Vt Tamen, quoniam Numa in pace religiones instituisset, a se bellicae caerimoniae proderentur, nec gererentur solum sed etiam indicerentur bella aliquo ritu, ius ab antiqua gente Aequiculis quod nunc fetiales habent descriptis, quò res repetuntur.

Lo storico romano ci racconta che, morto Tullo Ostilio, il potere era passato ai senatori che avevano nominato un interrè.

Quest’ultimo aveva convocato i comizi all’interno dei quali il popolo si era espresso eleggendo come monarca Anco Marzio, poi approvato dagli stessi senatori.

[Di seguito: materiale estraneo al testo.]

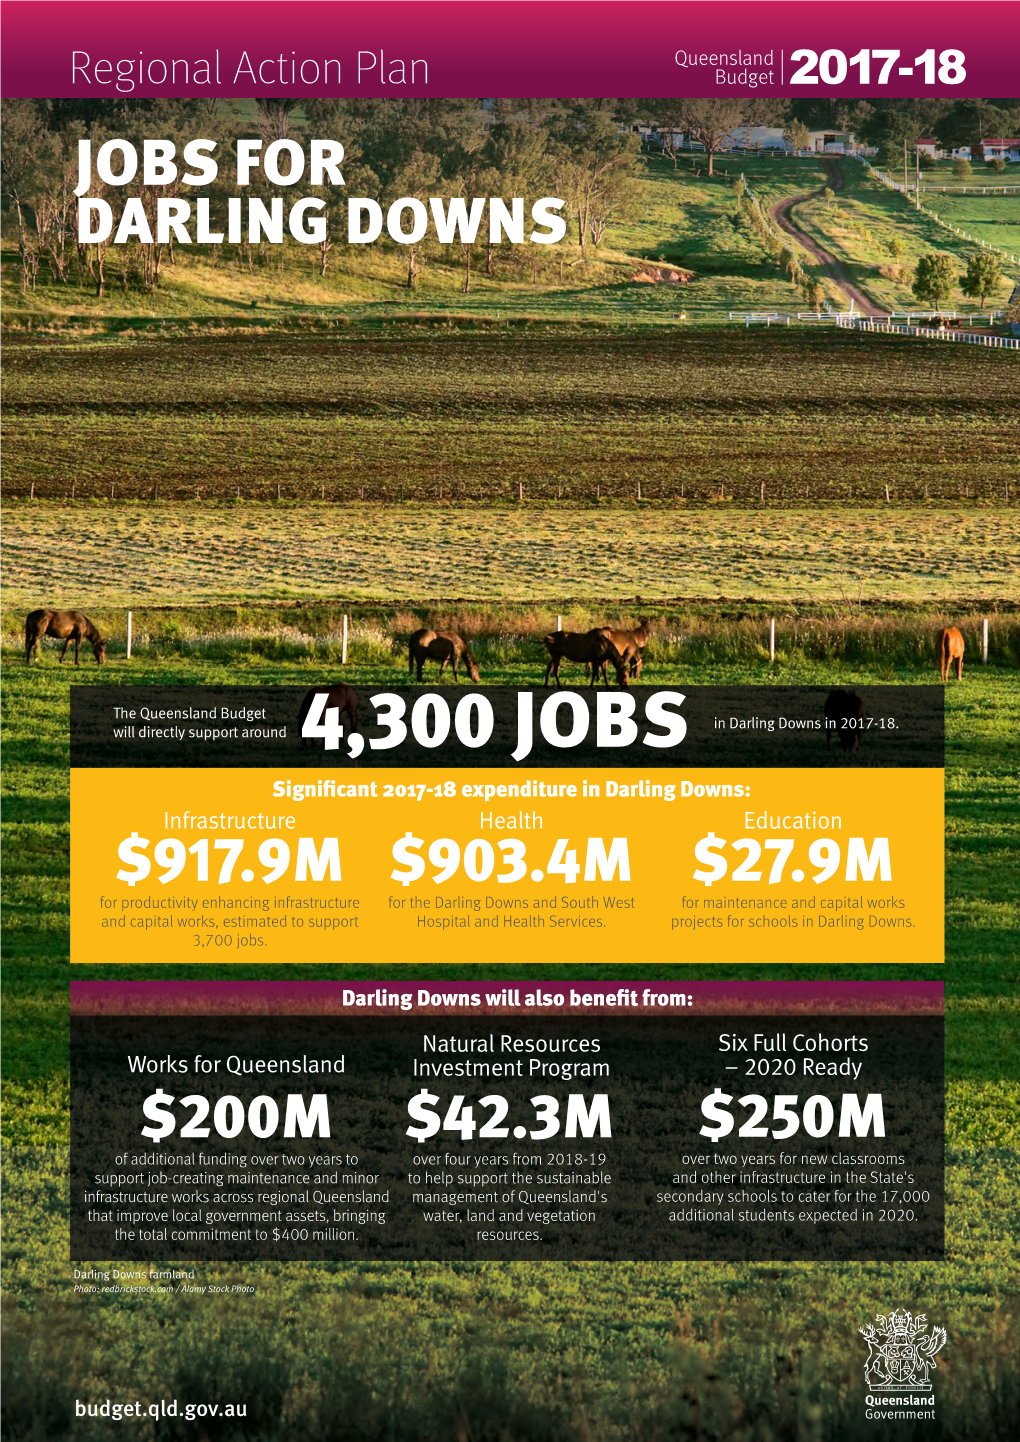 DARLING DOWNS Courtesy of Qualipac Courtesy Photo

Egli, convinto che nel regno precedente, ottimo sotto molti altri aspetti, fossero però stati trascurati i riti religiosi e consapevole che fosse suo preciso dovere celebrare i sacrifici pubblici così come erano stati istituiti da Numa Pompilio, ordinò al Pontefice di ricavarli dai commentari del Re e di esporli al pubblico.

Livio spiega chiaramente che, attraverso il ritorno a queste usanze, veniva a instillarsi, nei cittadini desiderosi di pace e nei popoli confinanti, l’aspettativa che il Re sarebbe tornato a quelle antiche tradizioni che erano state praticate dal suo avo.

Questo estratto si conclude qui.